Every time I read a new article on the Synod of Bishops meeting on the family, I have to remind myself why I care about the church’s teaching. So much of the reporting focuses on “issues” and “sides.” It is as if that only thing that matters is where one stands or what one opposes. I feel like it is more coverage of a sporting event than dealing with joys and hopes, the griefs and anxieties of married life.
What do I find nourishing about the church’s teaching? In a series of six posts, I focus on how marriages can foster the goods of: economic life, the church, civic society, fidelity, unity, and procreation. I am attempting not to reduce it to one issue or present it in a polemical manner but to present the church’s teaching in its depth and richness and indicate how it fosters genuine love.

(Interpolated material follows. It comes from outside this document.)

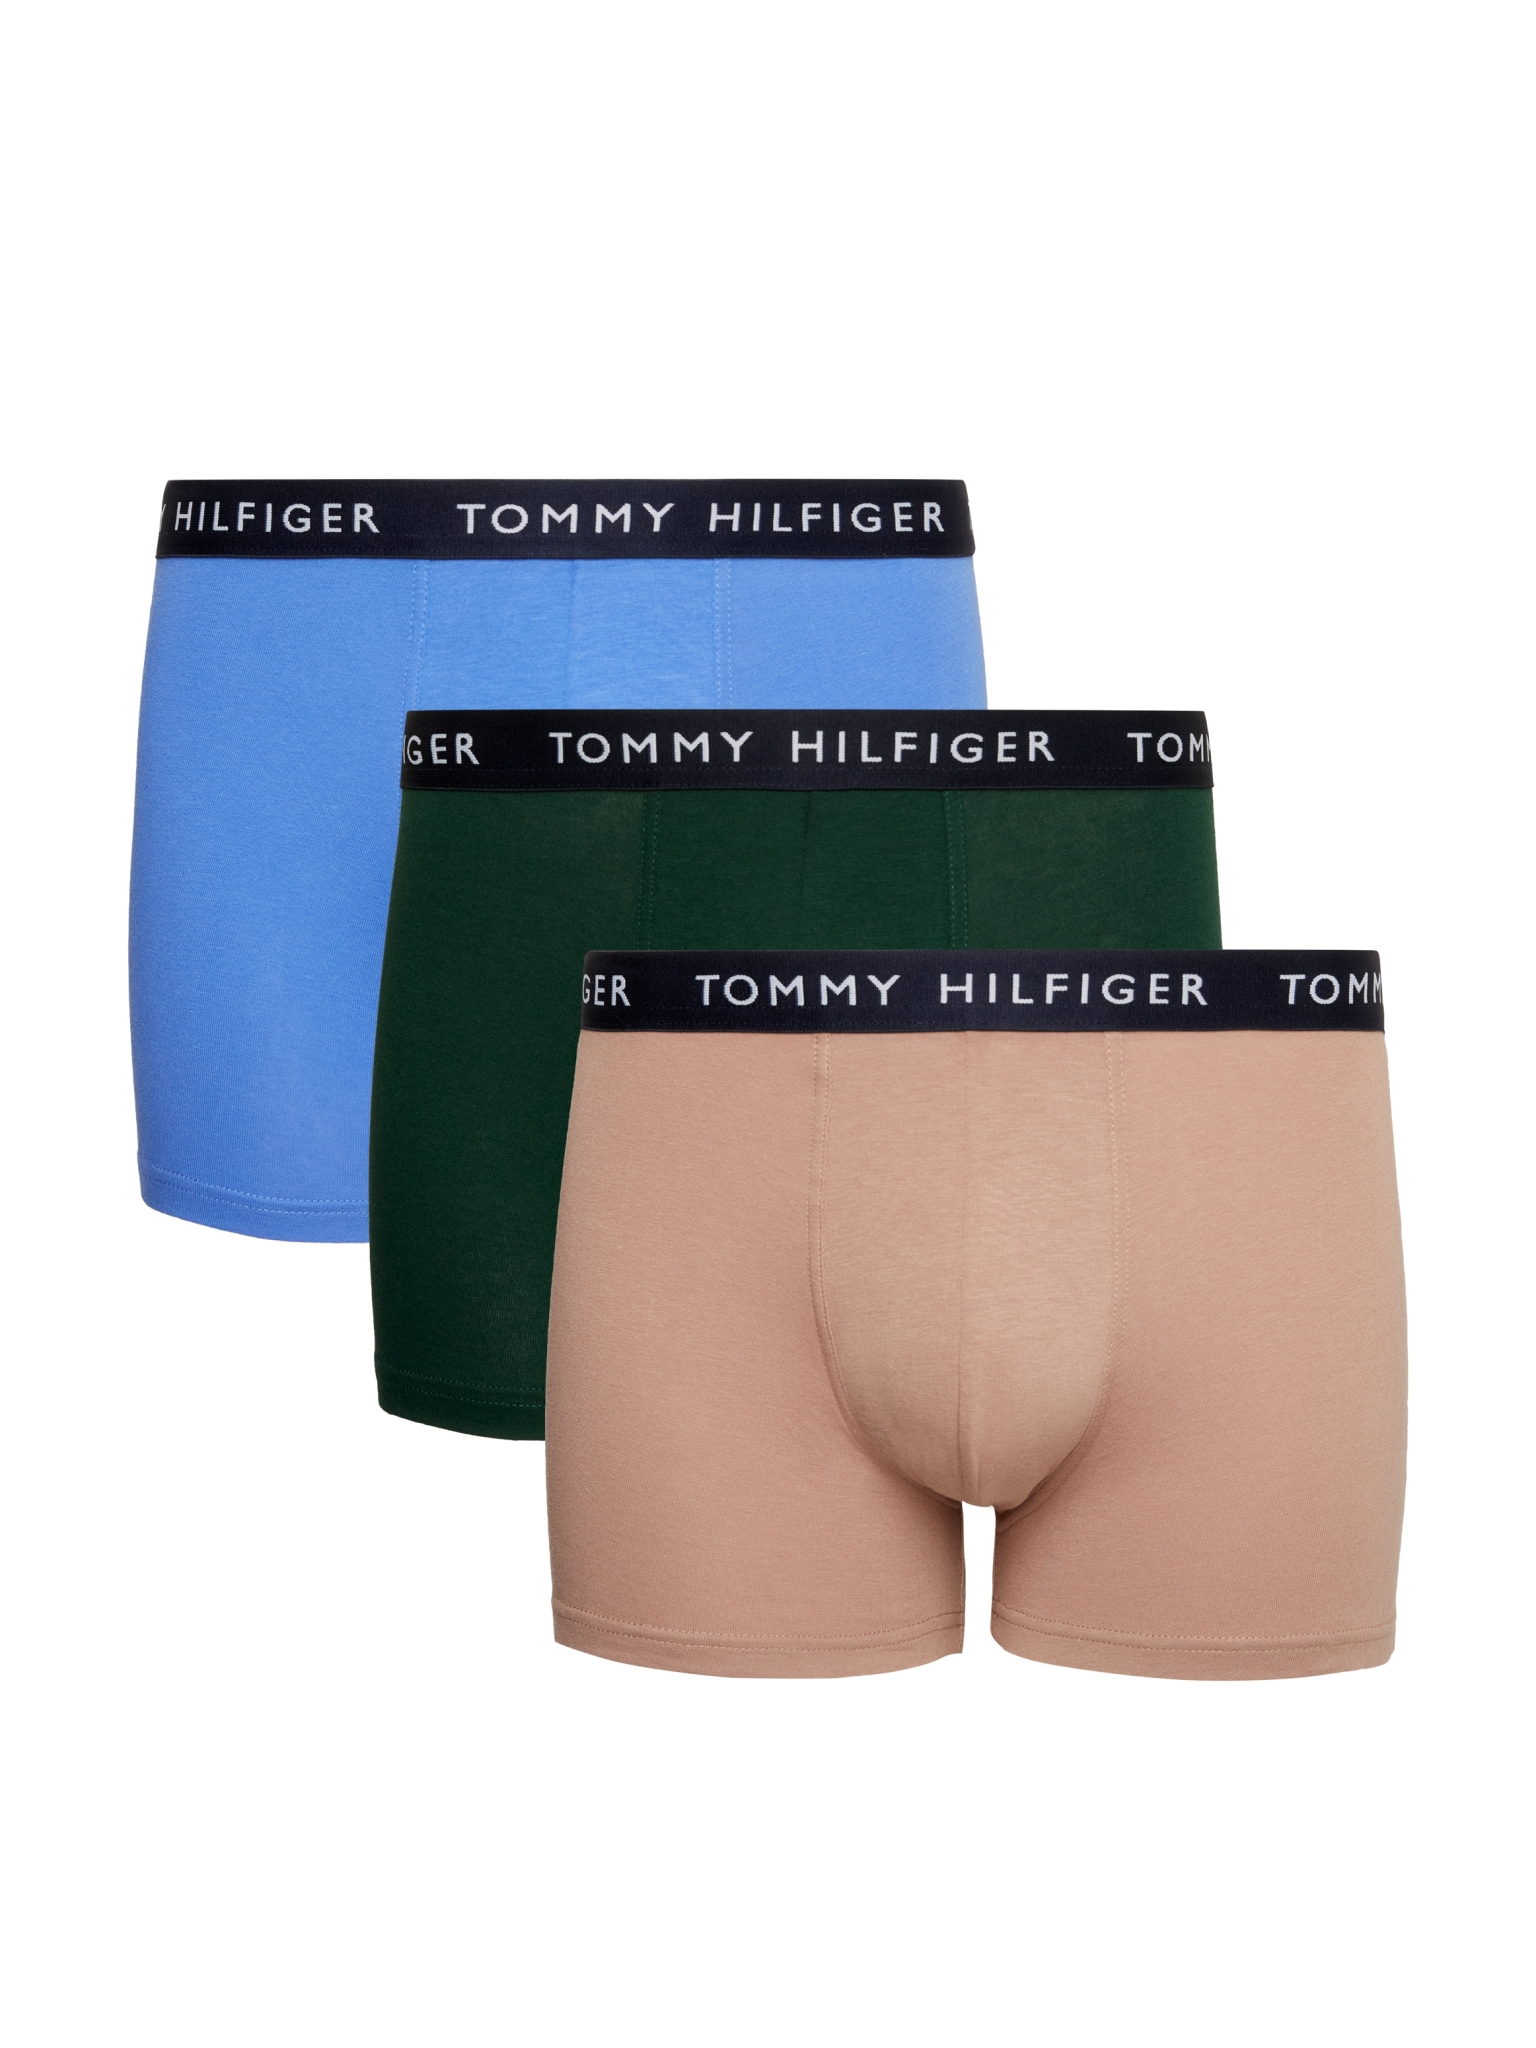 TOMMY HILFIGER 3er-Pack Unterhosen 10712429

An Essential Agent of Economic Life
The church’s teaching on how families affect economic issues is succinctly summed up by section 248 in the Compendium of the Social Doctrine of the Church:
The family, therefore, must rightfully be seen as an essential agent of economic life, guided not by the market mentality but by the logic of sharing and solidarity among generations.

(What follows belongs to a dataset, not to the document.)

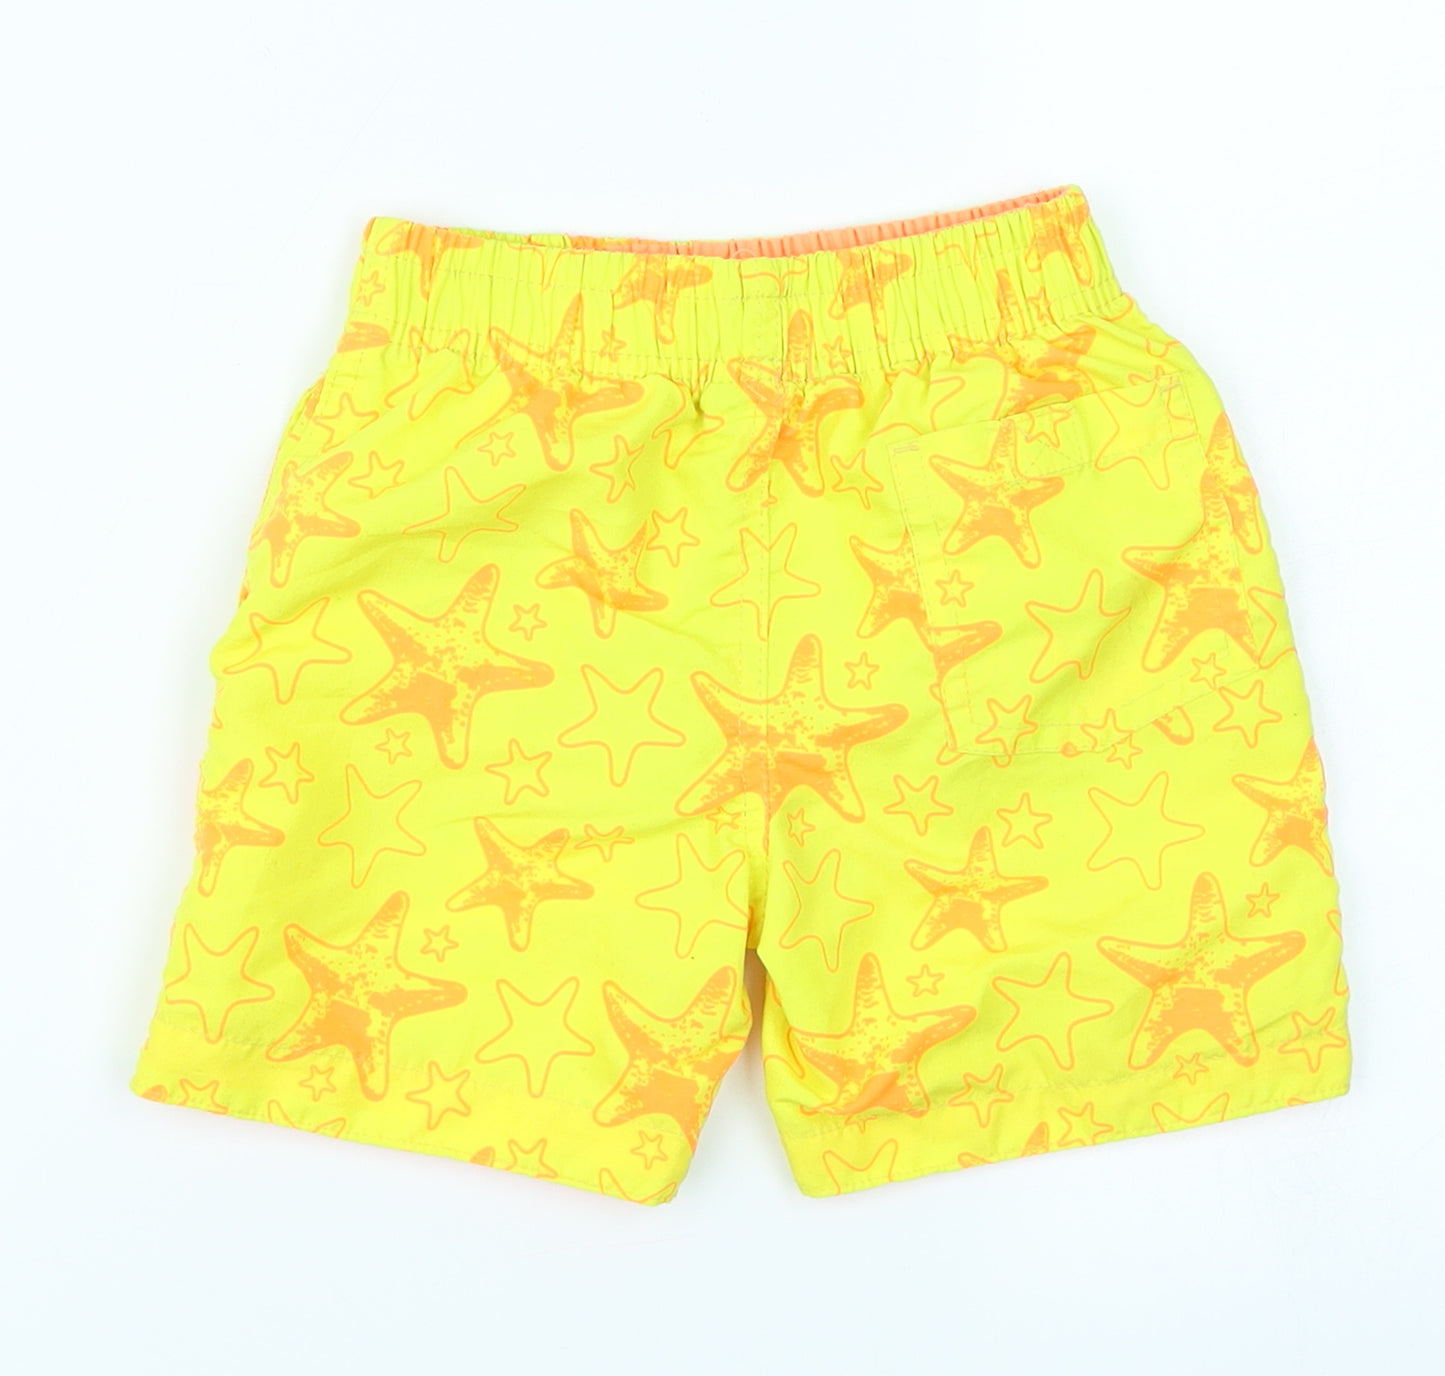 Rebel Boys Yellow   Sweat Shorts Size 3-4 Years

According to the church, families should not to be guided by a “market mentality.” This is not opposition to particular policies or systems per se. Rather, it is against a world-view that understands and values everything in primarily economic terms. This dynamic is partly what Pope Francis opposes in Evangelii Gaudium, 53, saying that:
Today everything comes under the laws of competition and the survival of the fittest, where the powerful feed upon the powerless. As a consequence, masses of people find themselves excluded and marginalized: without work, without possibilities, without any means of escape.
The result, Pope Francis continues, is that, once people are excluded or marginalized, they are no longer seen or cared for. They become, like so many of the goods that are purchased, valued only by what they add to our lives and thrown away when their value is depleted. While there is more that feeds into this market mentality, the main point is that it can come to dominate one’s way of viewing and living in the world.
This dehumanizing worldview so often slips into our lives. I see it all the time in college students who worry about which major they will have by valuing it in terms of money or prestige. I see it in childhood sports when parents push kids in first and second grade to practice several times a week and focus on one particular sport to play year round. I see it in my own life when I have to remind myself not to feel threatened by my colleagues who excel at teaching and publishing.
According to the Compendium, marriage works against this dog-eat-dog world through “the logic of sharing and solidarity.” Section 249 of the Compendium indicates three ways that families reorder economic thinking.
The contribution that the family can make to the reality of work is valuable and, in many instances, irreplaceable. It is a contribution that can be expressed both in economic terms and through the great resources of solidarity that the family possesses and that are often an important support for those within the family who are without work or who are seeking employment. Above all and more fundamentally, it is a contribution that is made by educating to the meaning of work and by offering direction and support for the professional choices made.
First, families support those “who are without work or who are seeking employment.” Families tend to value people, regardless of their productivity. They care for infants who can barely hold their heads up, children with physical or mental disabilities, sick spouses, and elderly parents. They tend to order their resources to care for those in the family. They do not “throw away” these individuals even though they do not generate revenue for the household. The solidarity of the family means that resources are shared. The young, sick and old—those typically poor in our society—are valued.
Second, families educate “to the meaning of work.” According to the Compendium, work serves several purposes: promotes “conditions for a decent life” (257), participates “not only in the act of creation but also in that of redemption,” (263) and cooperates with and serves others (273). Very early, kids can grasp that the work done by parents pays for the food and the house, clothes and the bills. Beyond this, children are given chores—from picking up clothes, to setting the table, to feeding the dog—that teach both cooperation and how to manage the household, and so provide an example of how work can be with and for others. In addition, as Julie Hanlon Rubio indicated in her essay on the dual-vocation of parents, parents instruct kids by the work they do. Parents have obligations to the world that go beyond the home. Often this work is the parent’s profession, but it can also be the way parents reach out to help neighbors, volunteer for school functions, or coach pee-wee sports. Whatever form it takes, parents’ work teaches children that they can and should contribute to the creation and redemption of the world.
Finally, families offer “direction and support for the professional choices made.” Parents can help children reflect on what they enjoy and what they are good at. Parents can also draw upon their experiences to provide ways to respond to challenges at work or in professional life. They can remind children what is important in life, just as children can remind parents not to idolize work. Perhaps grandparents can provide guidance to both. In short, the value placed on the family is what guides people to make decisions to serve more than just one’s own professional interests.
This seems to be the heart of how the family is “an essential agent of economic life.” In being a community of love, the family is called to be a place where people and their good are valued and where resources are directed toward these ends. This “school” forms individuals so that, when they work, they are not guided by a dog-eat-dog world perspective but are truly guided by “the logic of sharing and solidarity.”
This post is part of a series of six focusing on the Catholic church’s teaching on marriage and how it fosters the goods of: economic life, the church, civic society, fidelity, unity, and procreation.